25.2 Online Serving (REST API)🔗

The most common serving pattern — expose the model as an HTTP endpoint.

# src/serve.py — FastAPI model server
from fastapi import FastAPI, HTTPException
from pydantic import BaseModel, validator
import pickle
import numpy as np
import time
import logging
from prometheus_client import Counter, Histogram, generate_latest
from starlette.responses import Response

logging.basicConfig(level=logging.INFO)
logger = logging.getLogger(__name__)

app = FastAPI(title="Churn Prediction API", version="2.0.0")

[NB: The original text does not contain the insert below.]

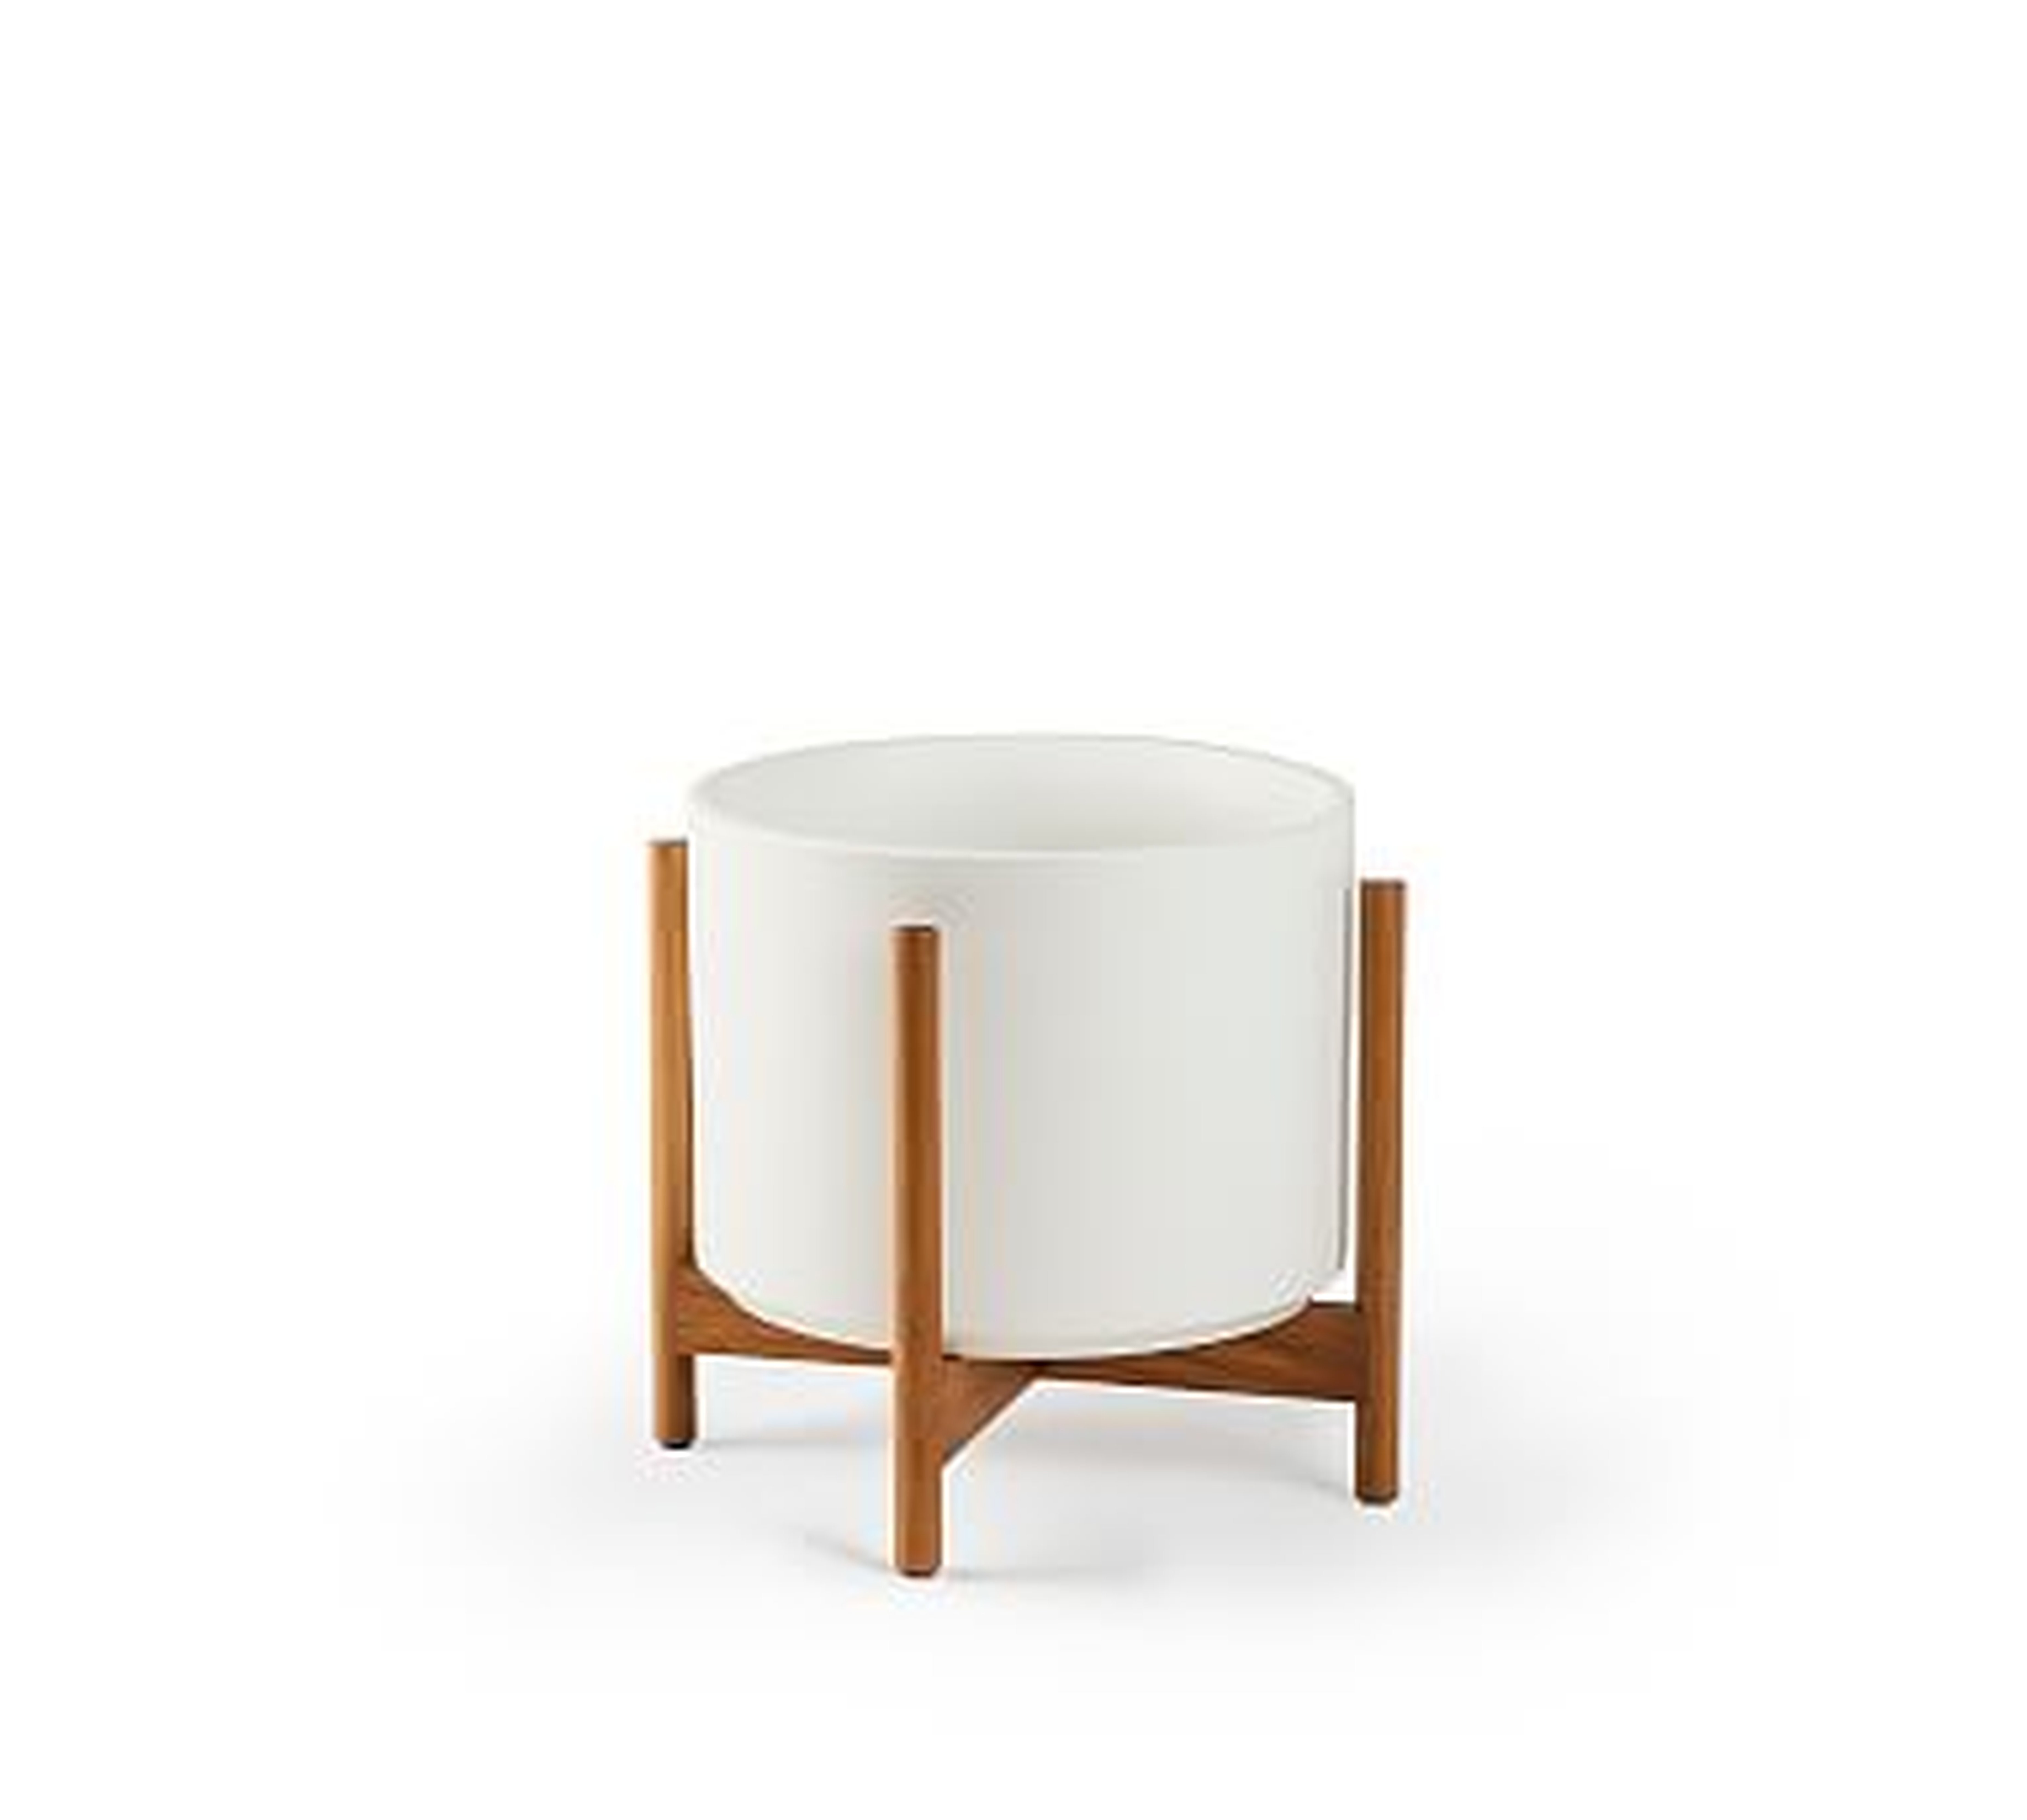 Modern Ceramic Planters with Wooden Stand, White - Mini - Pottery Barn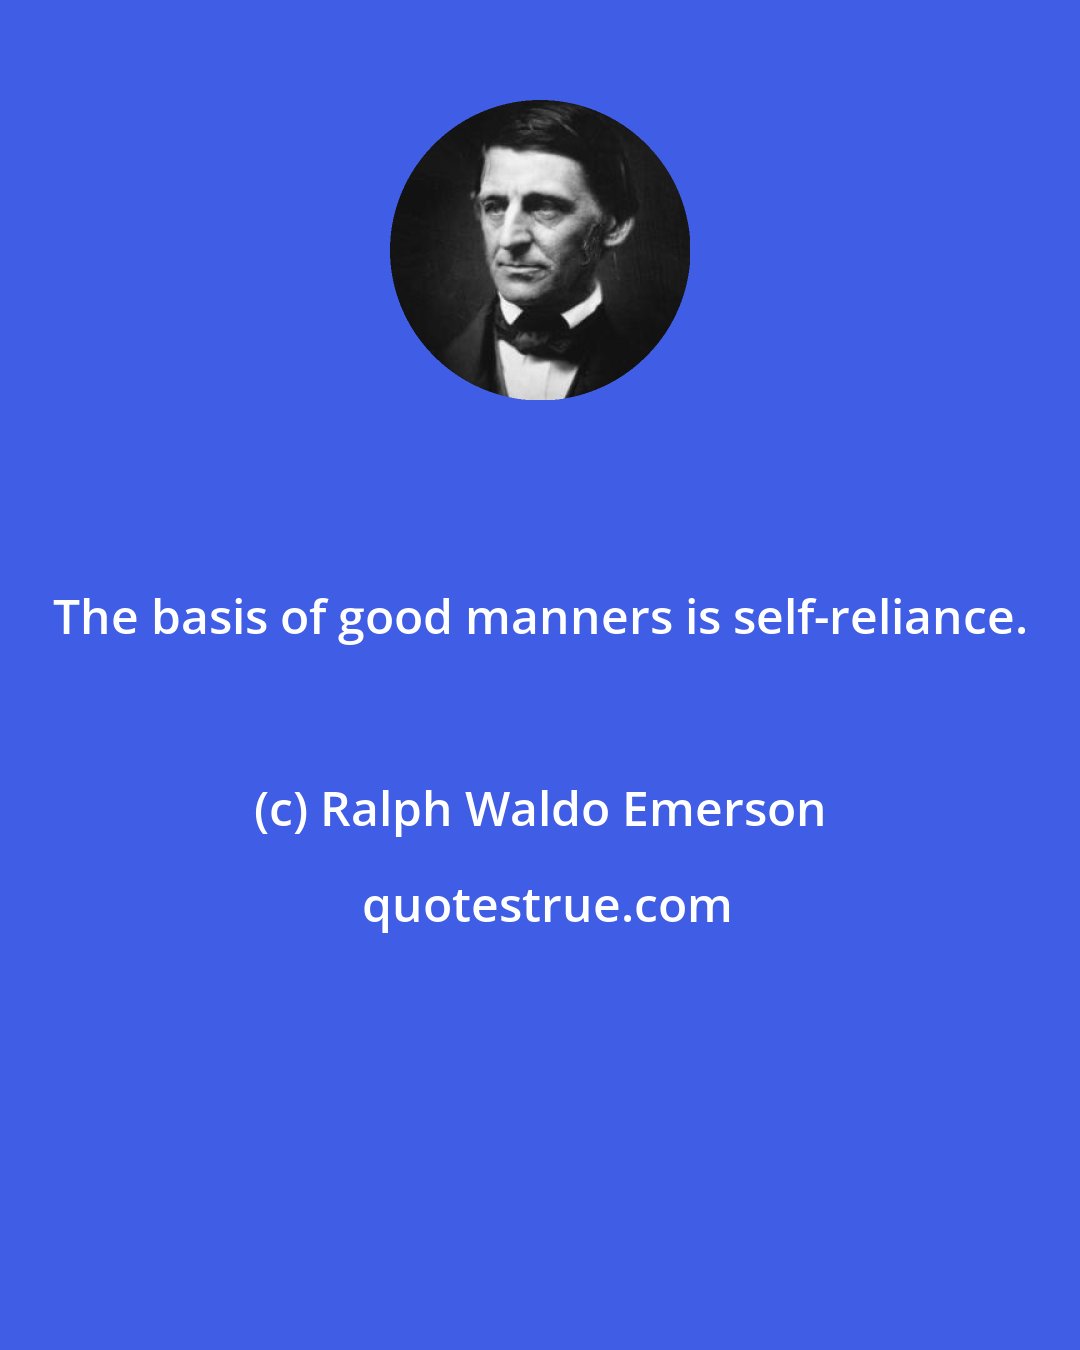 Ralph Waldo Emerson: The basis of good manners is self-reliance.

# ── Load Model ───────────────────────────────────────────────────
with open("models/model.pkl", "rb") as f:
    model = pickle.load(f)

MODEL_VERSION = "v2.1.0"

# ── Prometheus Metrics ───────────────────────────────────────────
REQUEST_COUNT = Counter("predictions_total", "Total predictions", ["version", "result"])
LATENCY = Histogram("prediction_latency_seconds", "Latency histogram")
CONFIDENCE = Histogram("prediction_confidence", "Confidence scores")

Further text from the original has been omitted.